| Charles T. Hemphill, John J. Godfrey, George R. Doddington
The ATIS Spoken Language Systems Pilot Corpus is a significant development in speech and natural language processing research, designed to measure progress in systems that handle both speech and natural language. This pilot marks the first full-scale attempt to collect such a corpus, providing guidelines for future efforts. The corpus differs from its predecessor, the Resource Management corpus, in several key aspects, including the collection of spontaneous speech, the use of an office environment, the integration of grammar into the system, and the use of actual replies as reference answers.
The ATIS corpus includes acoustic speech data, transcriptions, a set of tuples representing the answers, and SQL expressions for the queries. The corpus was collected through a simulated travel planning system, where subjects interacted with a "travel planner" and received both transcriptions and answers on a computer screen. The collection process involved detailed instructions, a structured session format, and a rigorous data processing pipeline to ensure the quality and reliability of the corpus.
The pilot collected 41 sessions with 1041 utterances over 8 weeks, with 740 utterances judged as evaluable. The results showed that the corpus is valuable for objective evaluation of spoken language systems, providing realistic conditions for testing. The study also highlighted the challenges and benefits of collecting spontaneous speech data, emphasizing its potential for advancing the field of spoken language systems.The ATIS Spoken Language Systems Pilot Corpus is a significant development in speech and natural language processing research, designed to measure progress in systems that handle both speech and natural language. This pilot marks the first full-scale attempt to collect such a corpus, providing guidelines for future efforts. The corpus differs from its predecessor, the Resource Management corpus, in several key aspects, including the collection of spontaneous speech, the use of an office environment, the integration of grammar into the system, and the use of actual replies as reference answers.

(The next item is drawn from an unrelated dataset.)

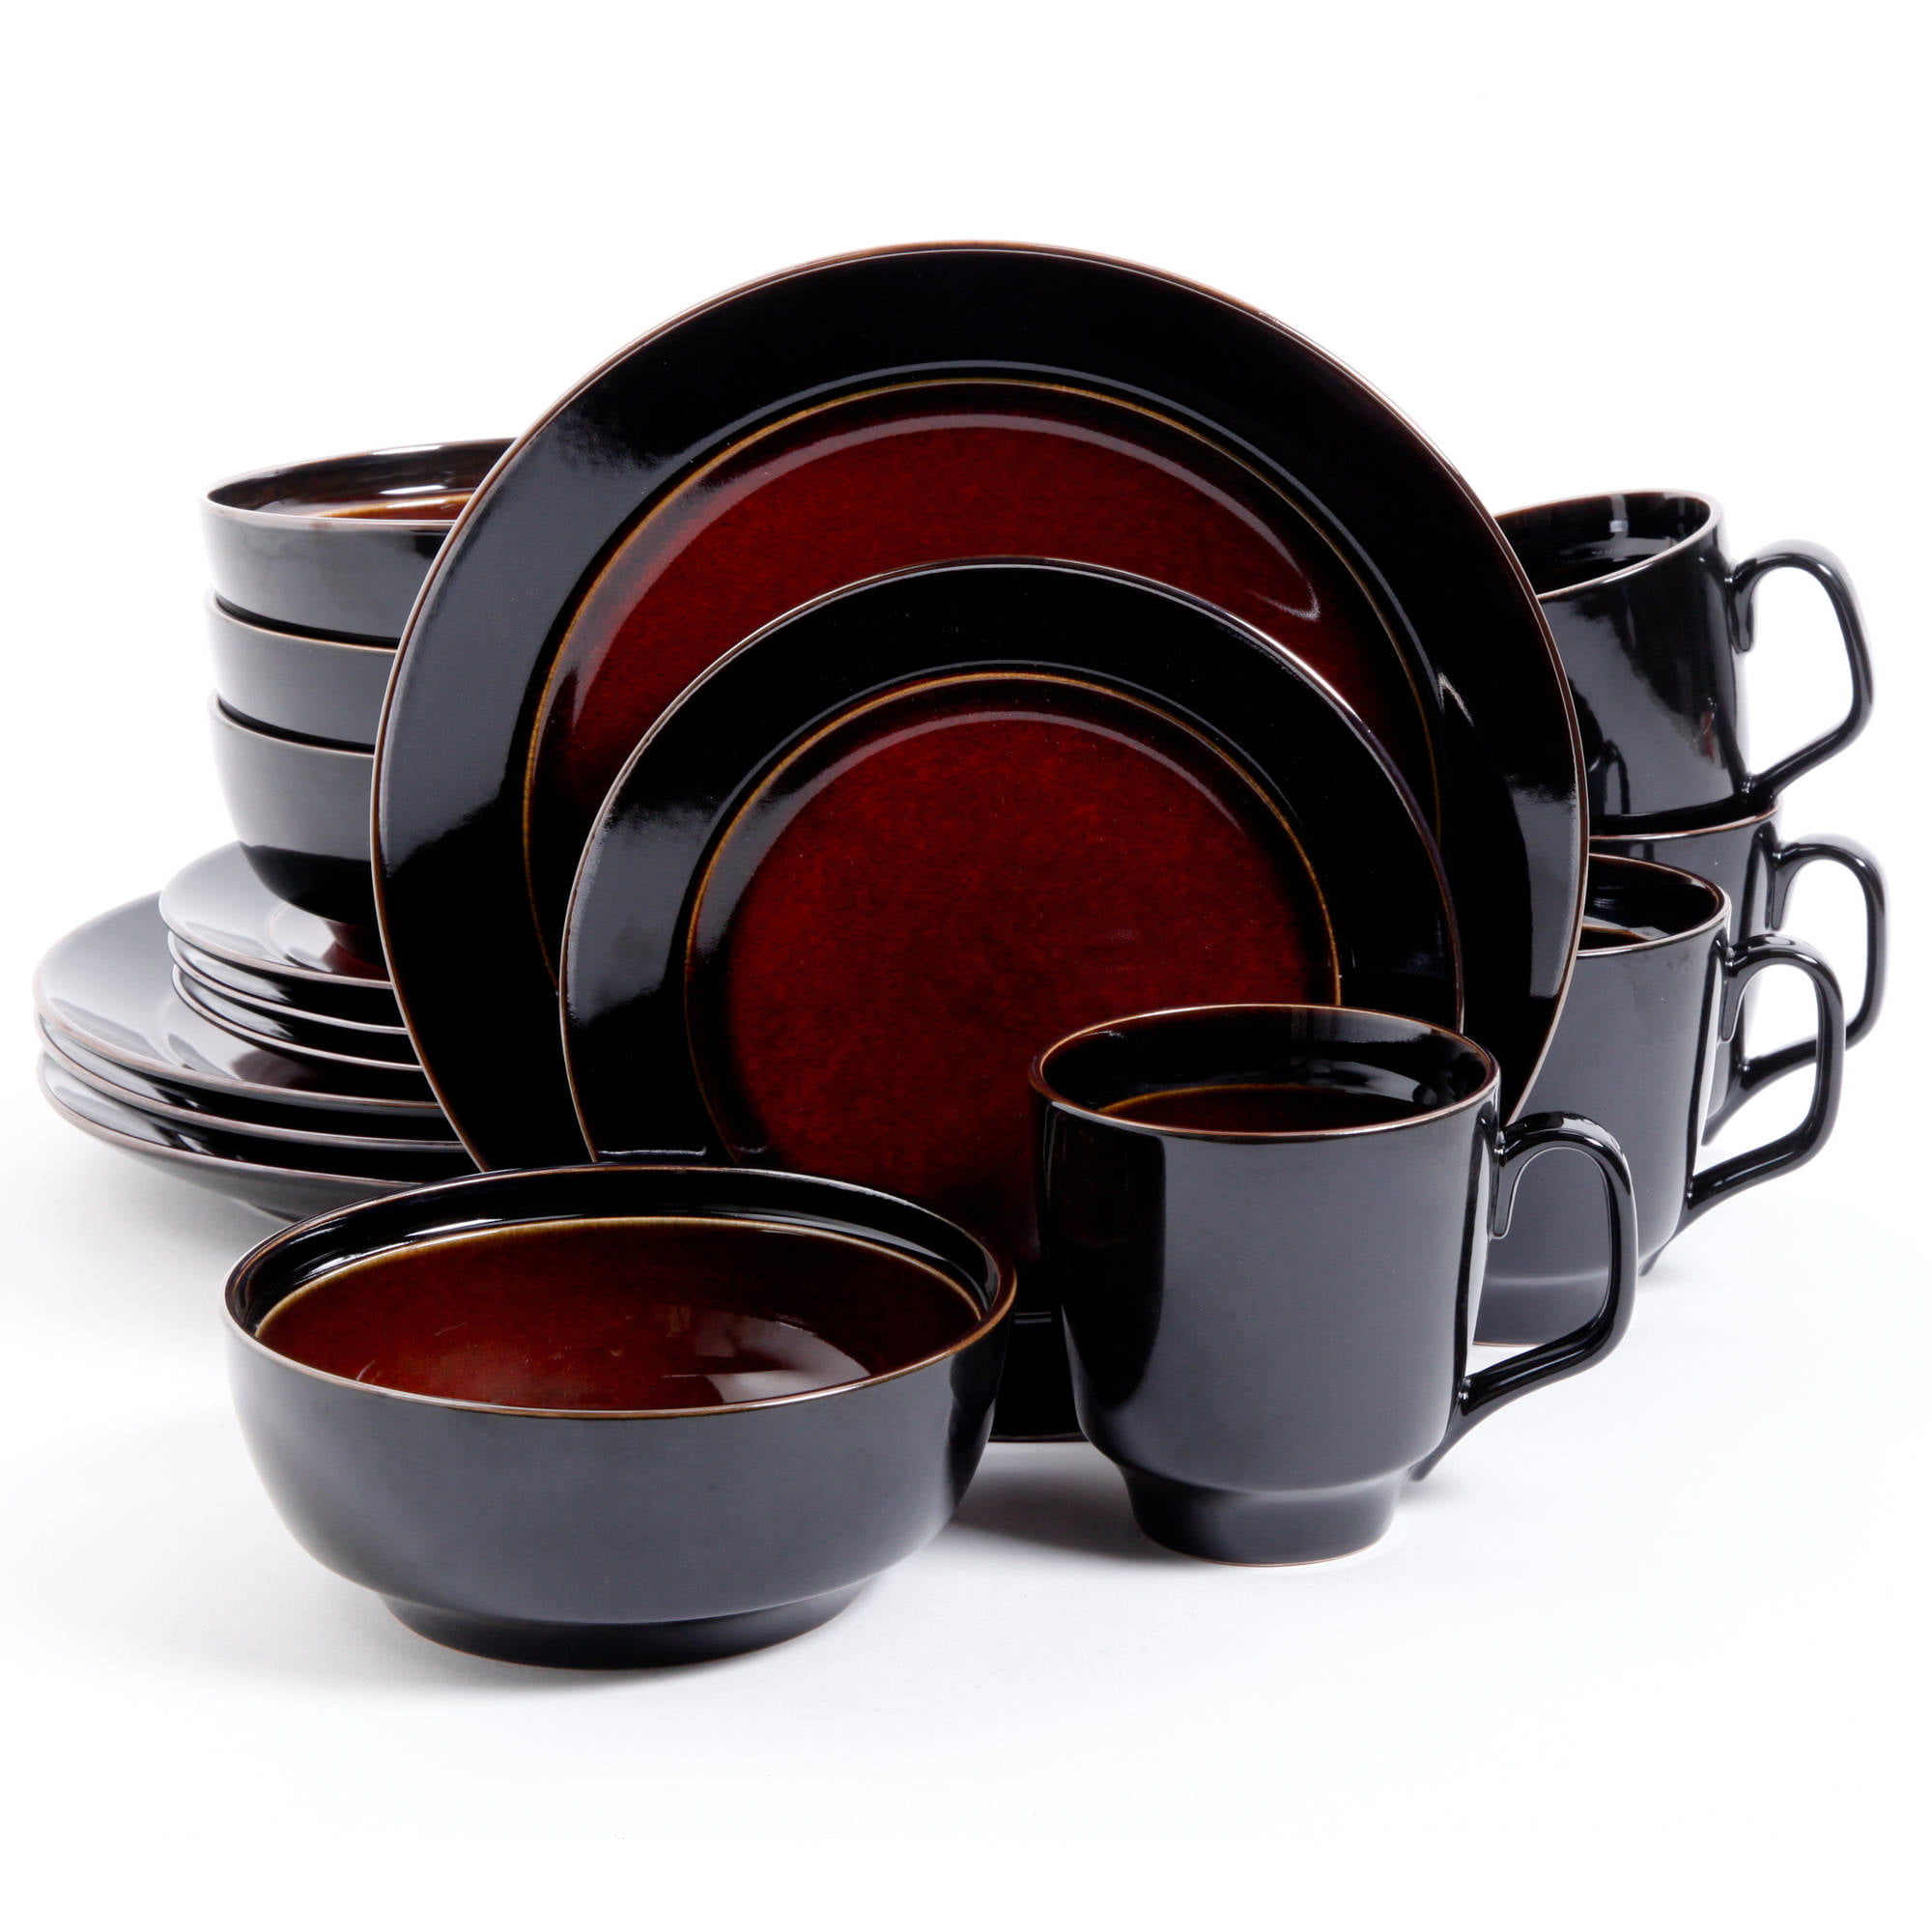 Купить красную посуду. Stoneware Dinnerware Set посуда. Столовый сервиз quadrato Oxfo Red Black. Elite Gibson посуда. Томпсон набор столовой посуды черно красный.
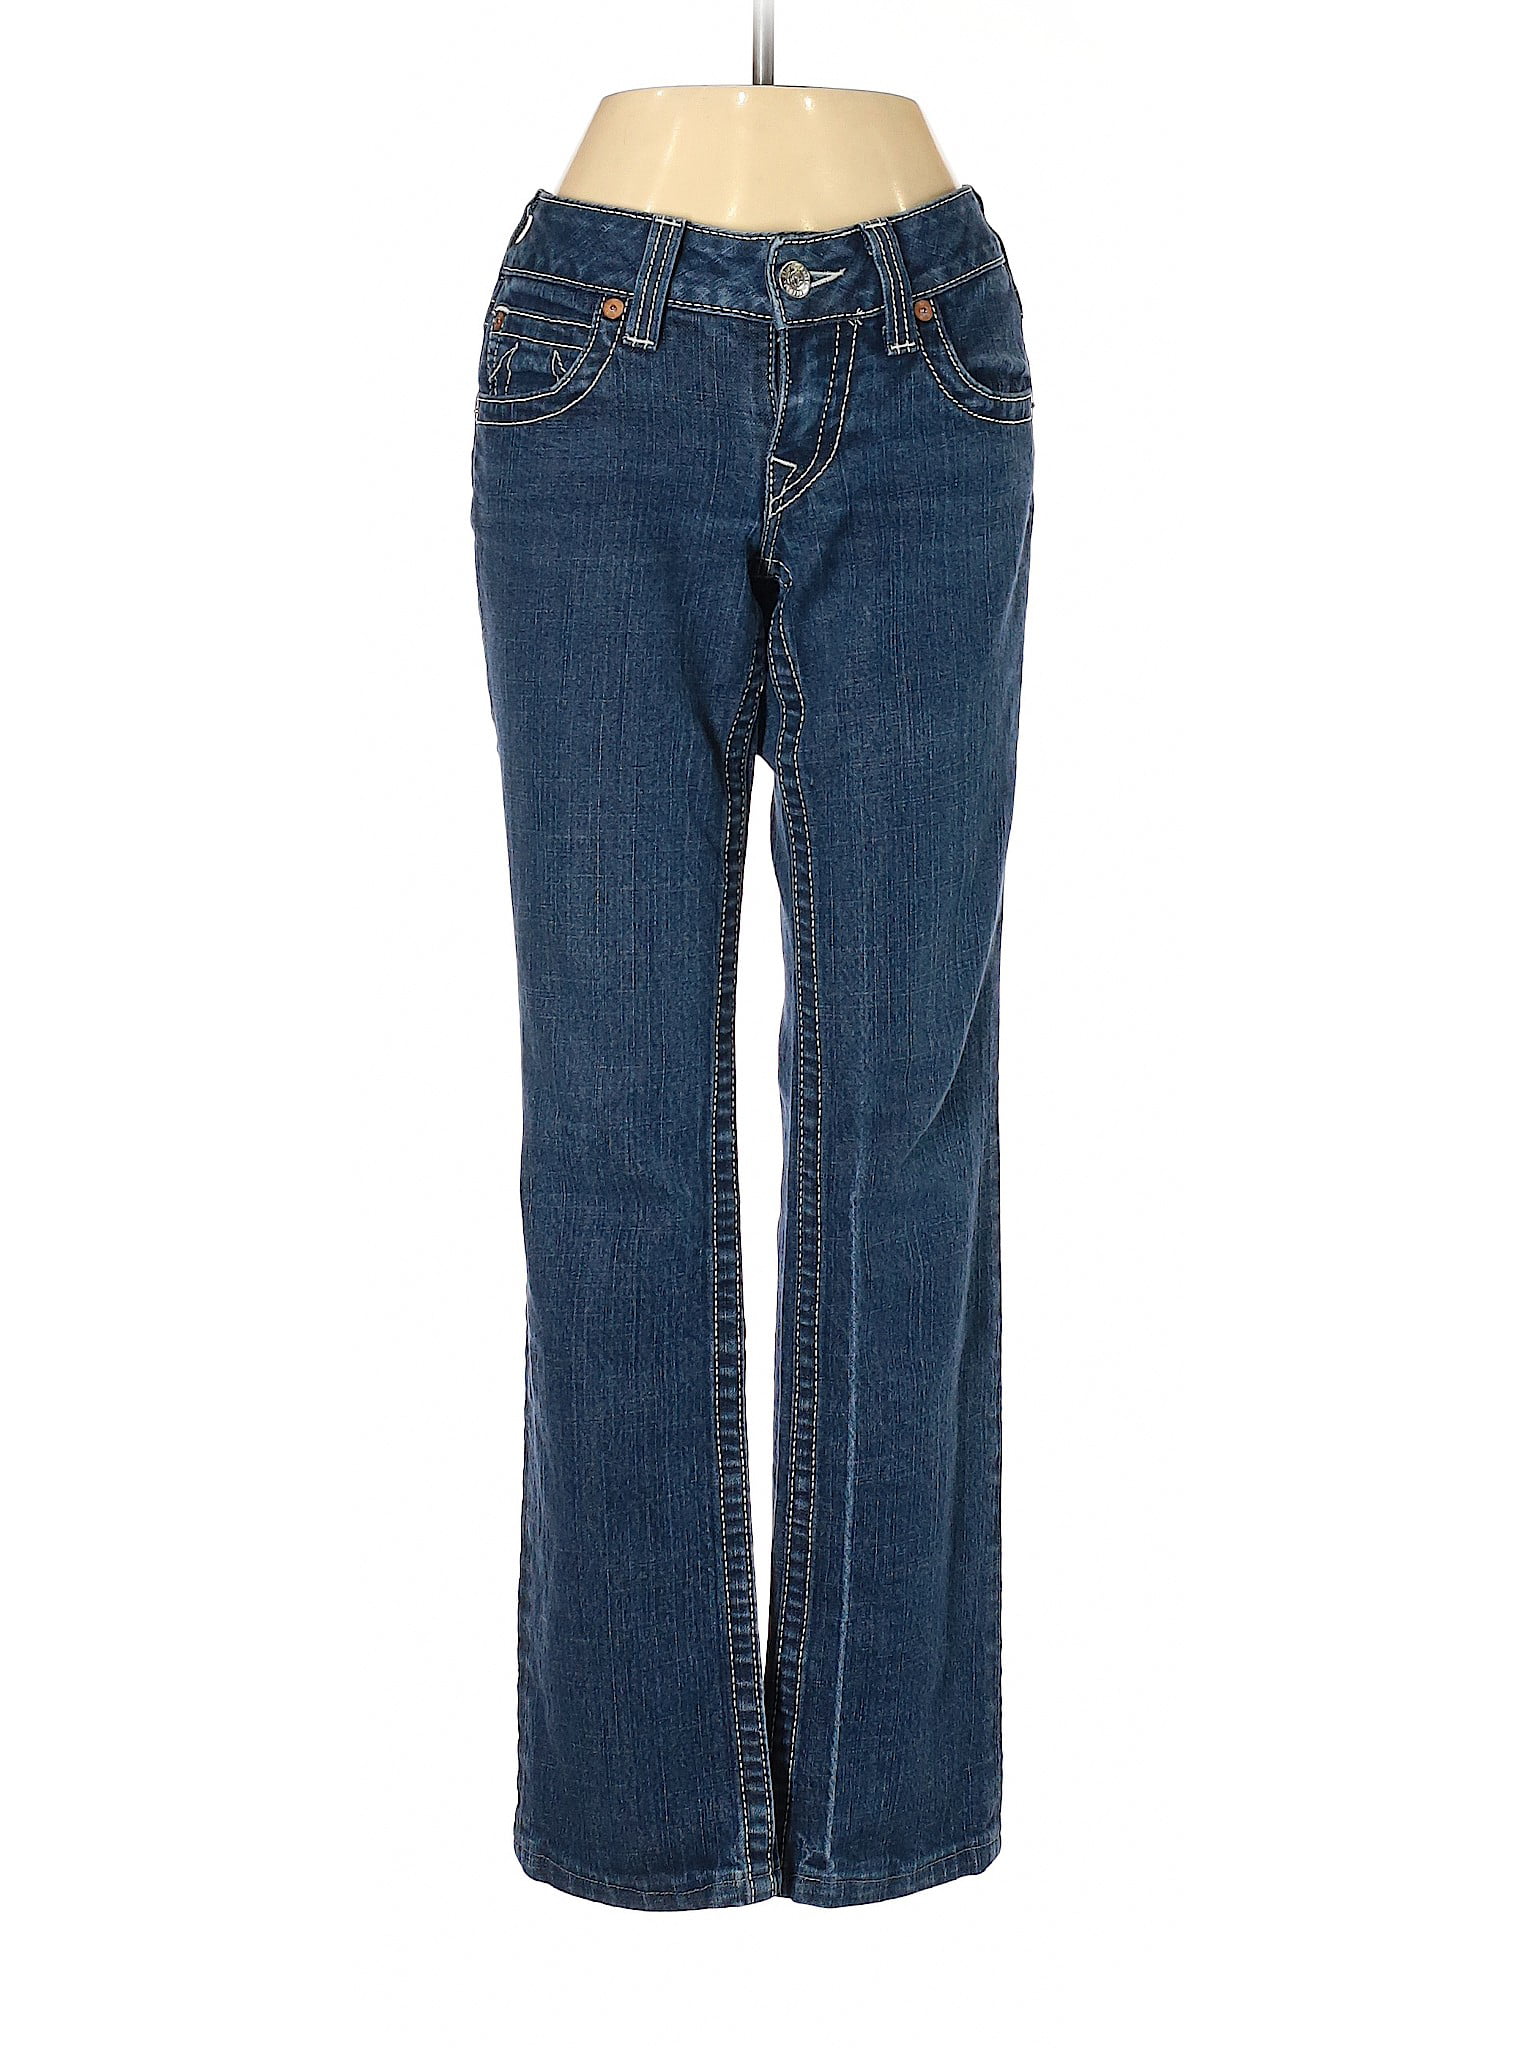 True Religion - Pre-Owned True Religion Women's Size 27W Jeans ...

The ATIS corpus includes acoustic speech data, transcriptions, a set of tuples representing the answers, and SQL expressions for the queries. The corpus was collected through a simulated travel planning system, where subjects interacted with a "travel planner" and received both transcriptions and answers on a computer screen. The collection process involved detailed instructions, a structured session format, and a rigorous data processing pipeline to ensure the quality and reliability of the corpus.
The pilot collected 41 sessions with 1041 utterances over 8 weeks, with 740 utterances judged as evaluable. The results showed that the corpus is valuable for objective evaluation of spoken language systems, providing realistic conditions for testing. The study also highlighted the challenges and benefits of collecting spontaneous speech data, emphasizing its potential for advancing the field of spoken language systems.